***** Records provided *****

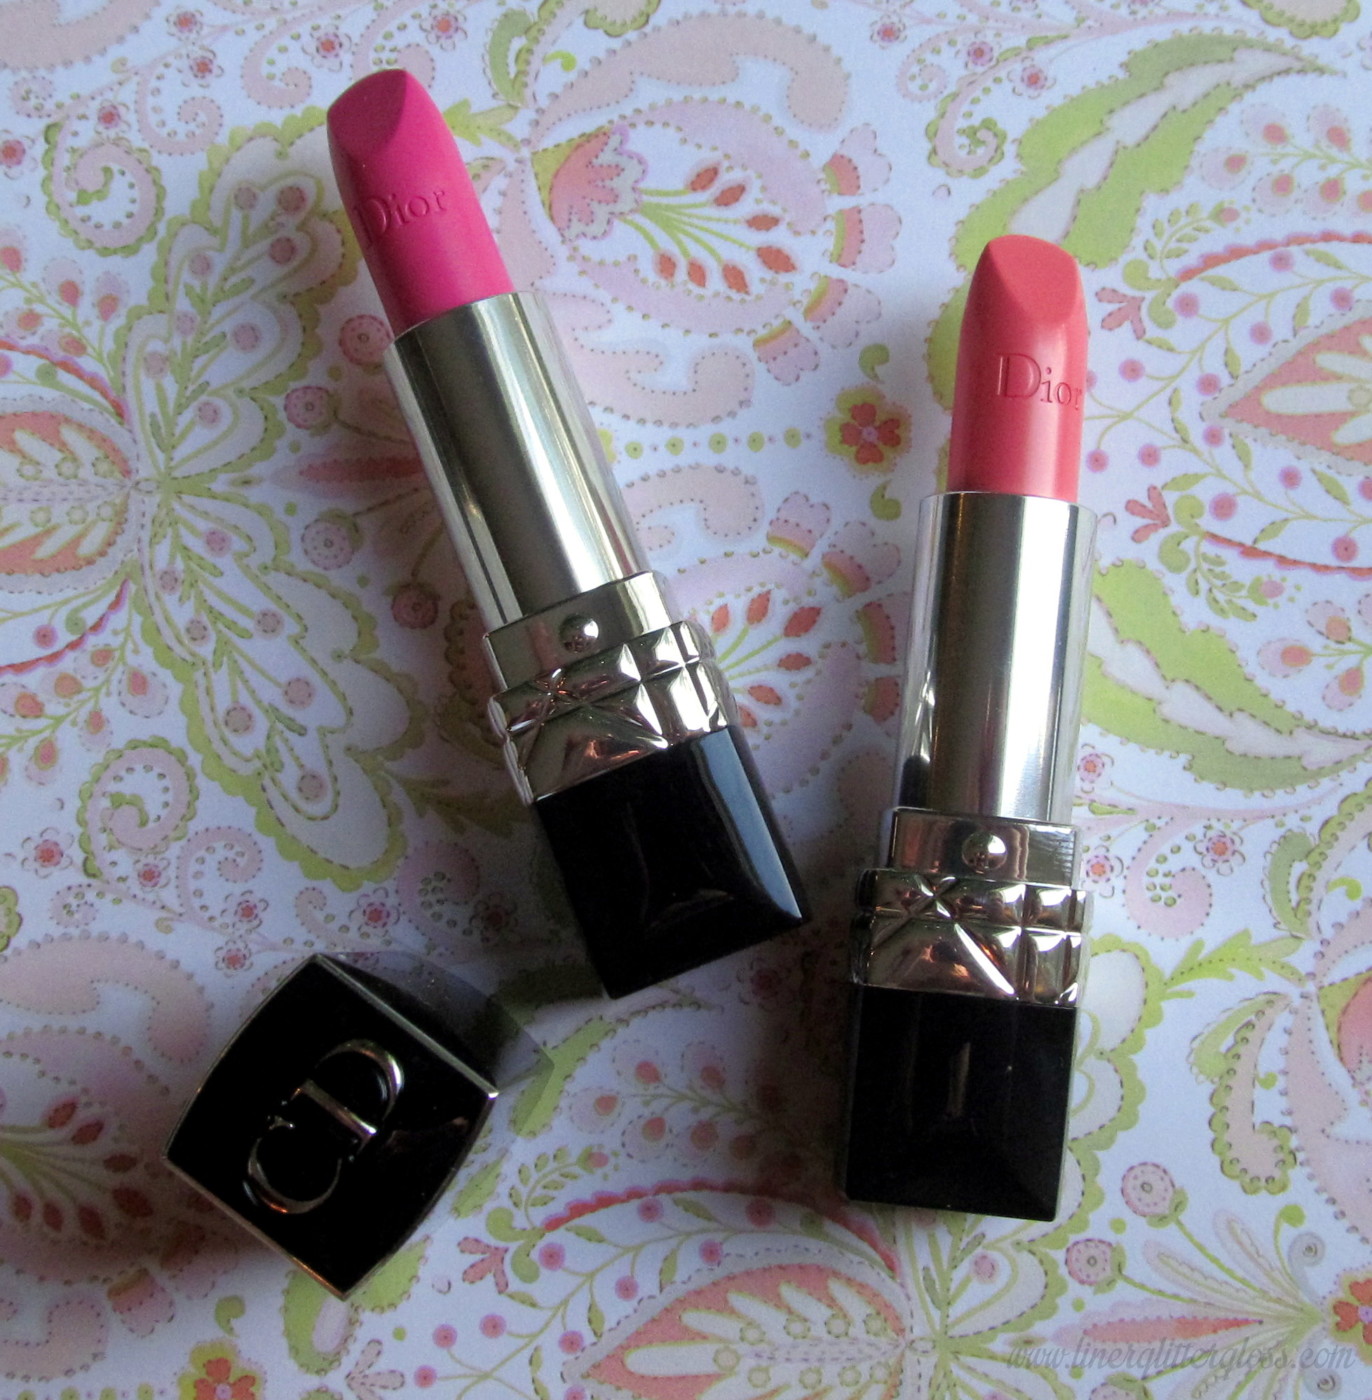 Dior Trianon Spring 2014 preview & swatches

*****
***** Records provided *****

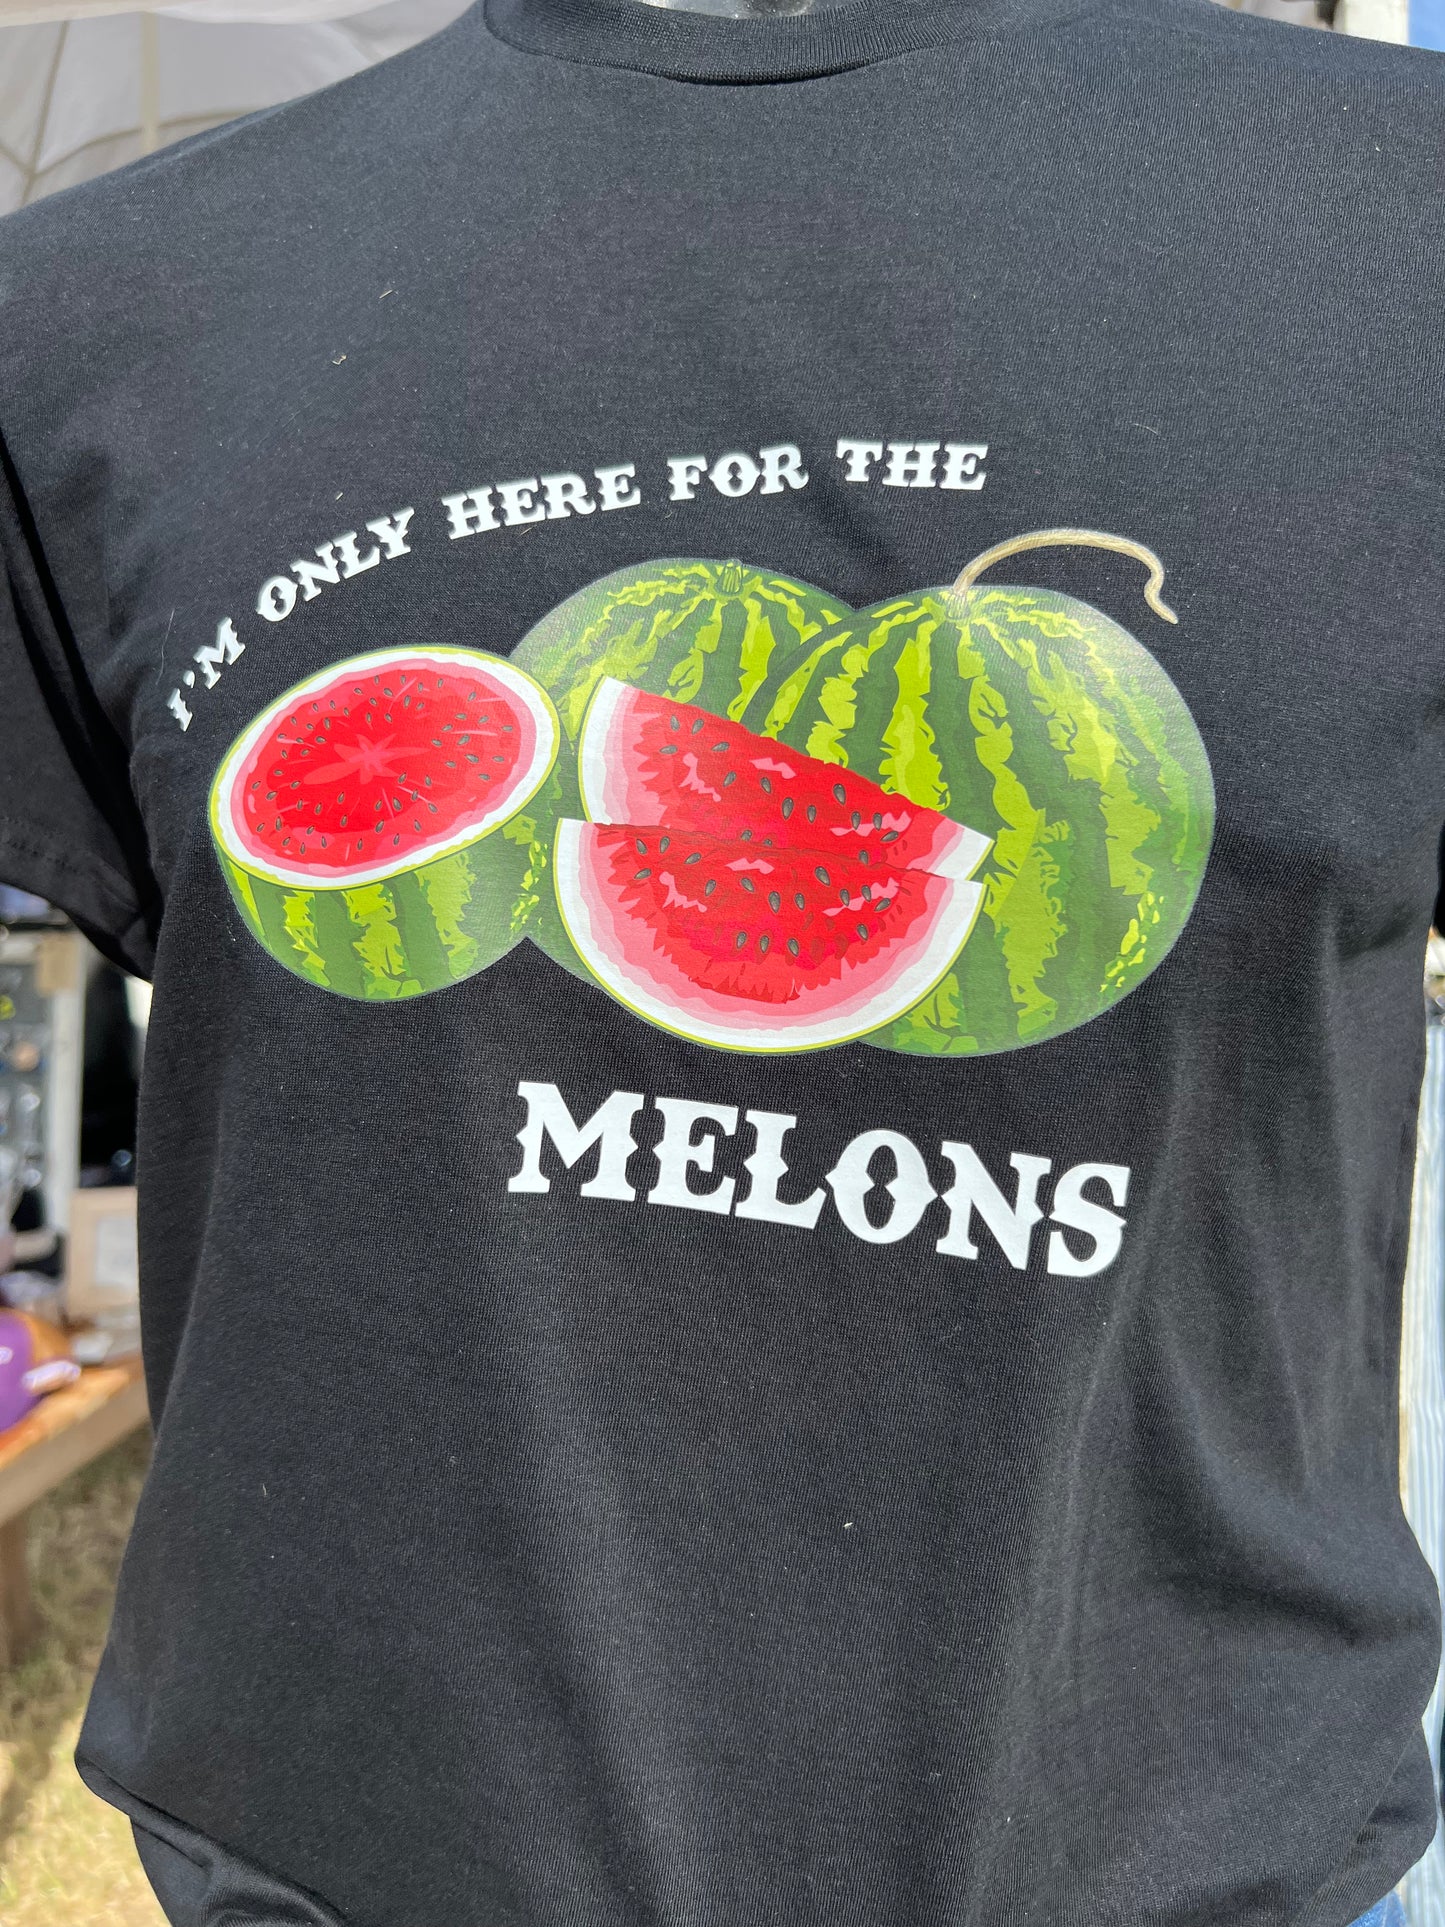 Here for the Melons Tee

*****
***** Records provided *****

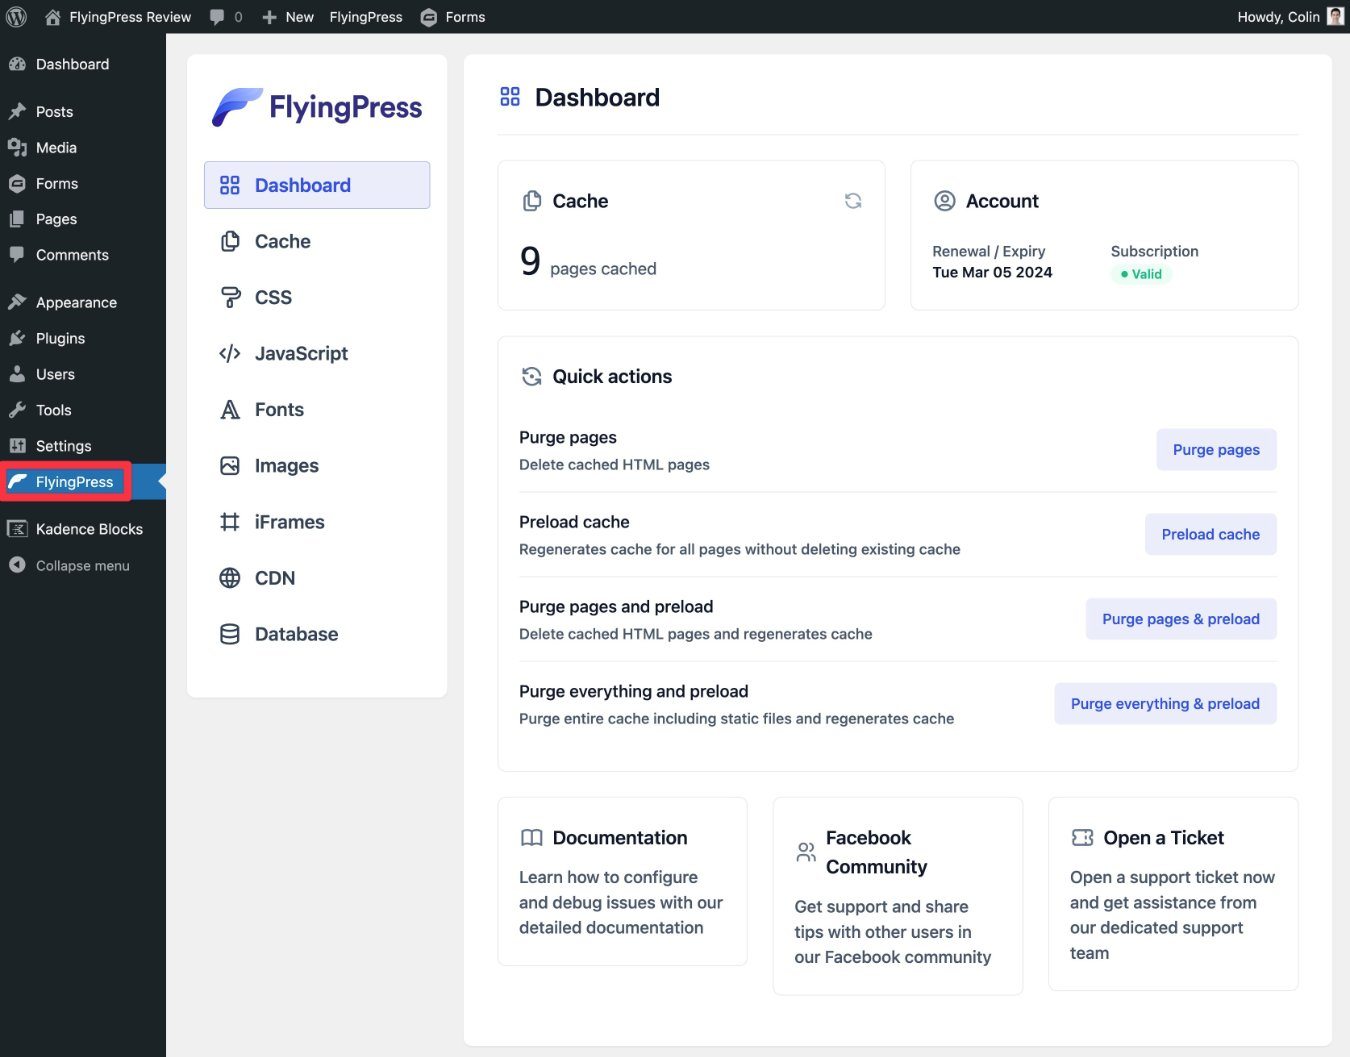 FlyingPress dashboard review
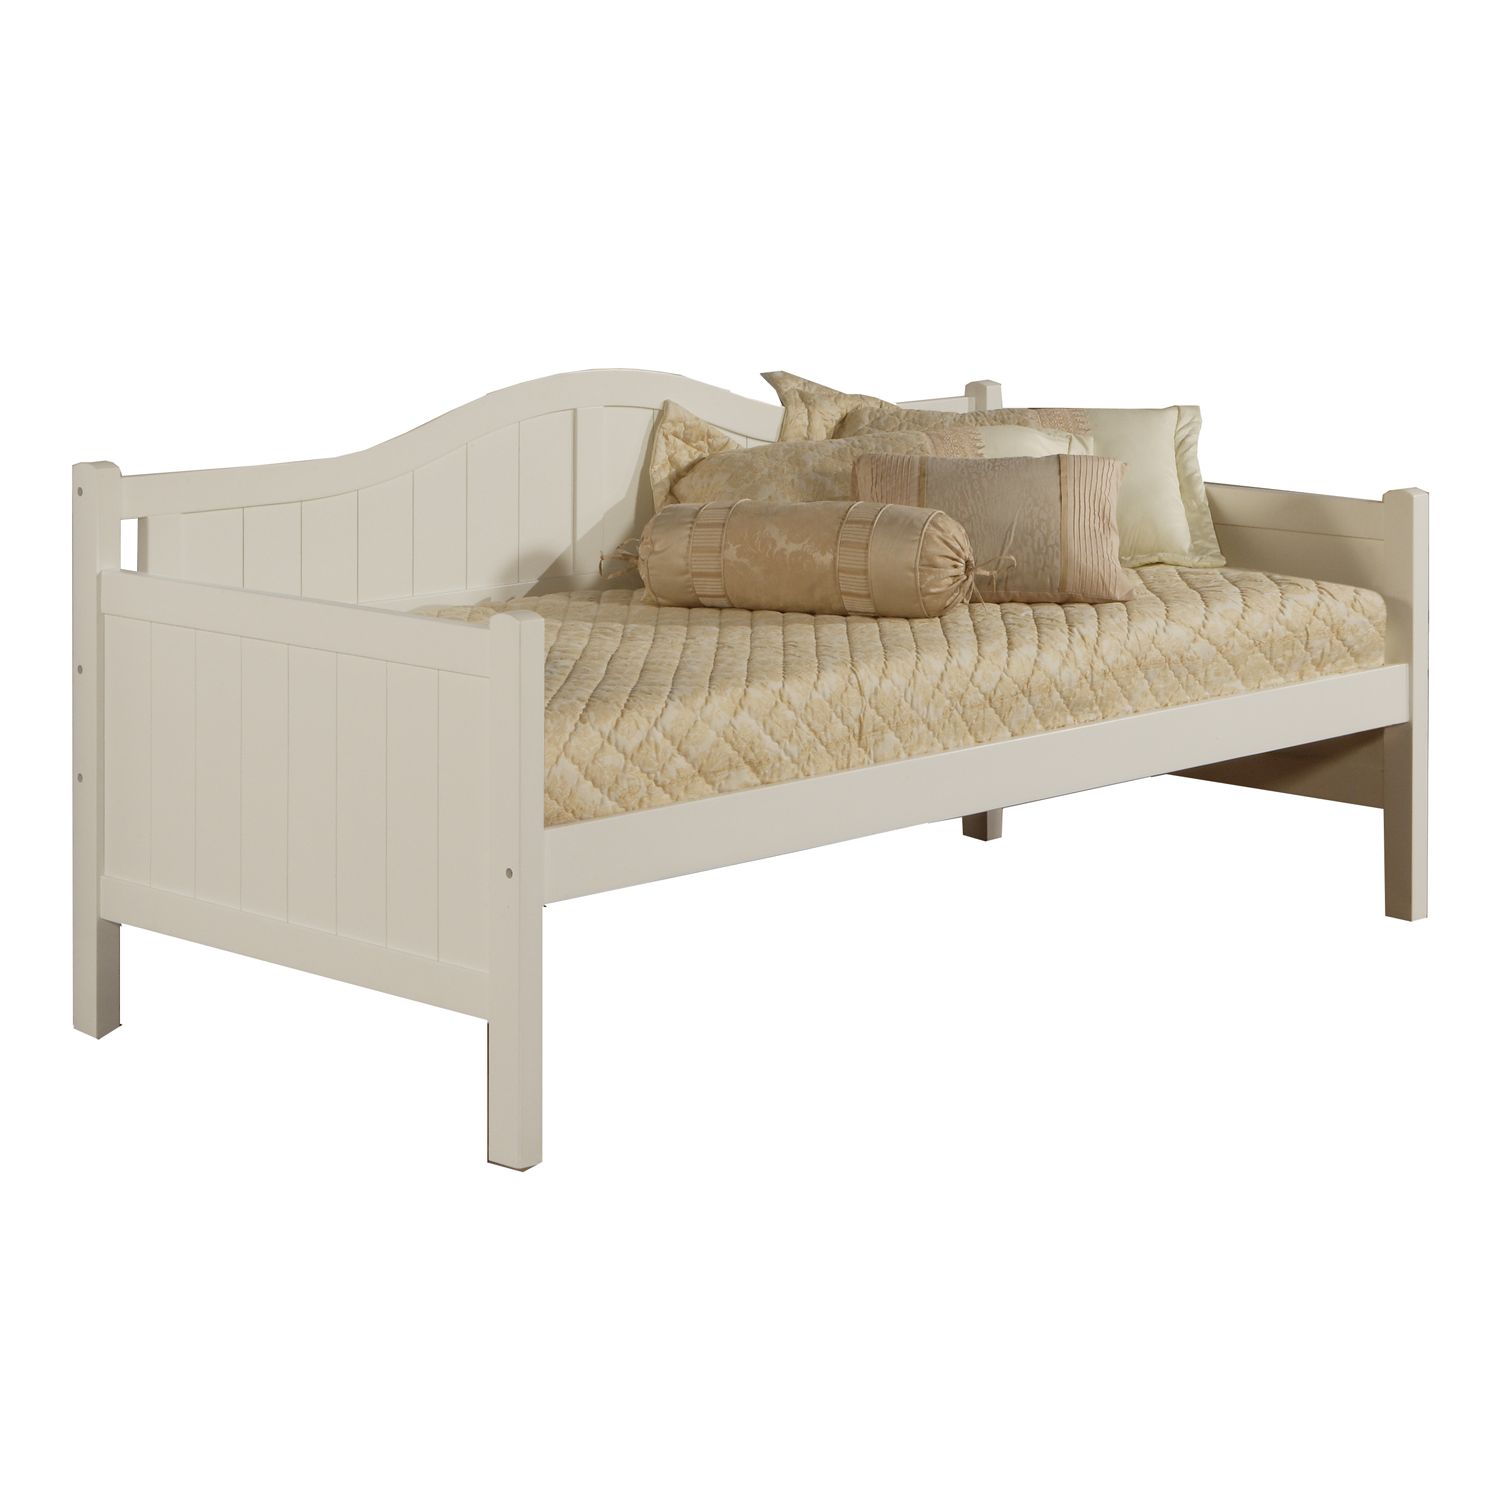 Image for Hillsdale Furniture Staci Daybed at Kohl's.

*****

→ **Try it**:
Above are the records. Copy only the lines from the one with "FlyingPress dashboard review" through the one with "Image for Hillsdale", exactly, with no pictures.

→ **Task result**:
 FlyingPress dashboard review
 Image for Hillsdale Furniture Staci Daybed at Kohl's.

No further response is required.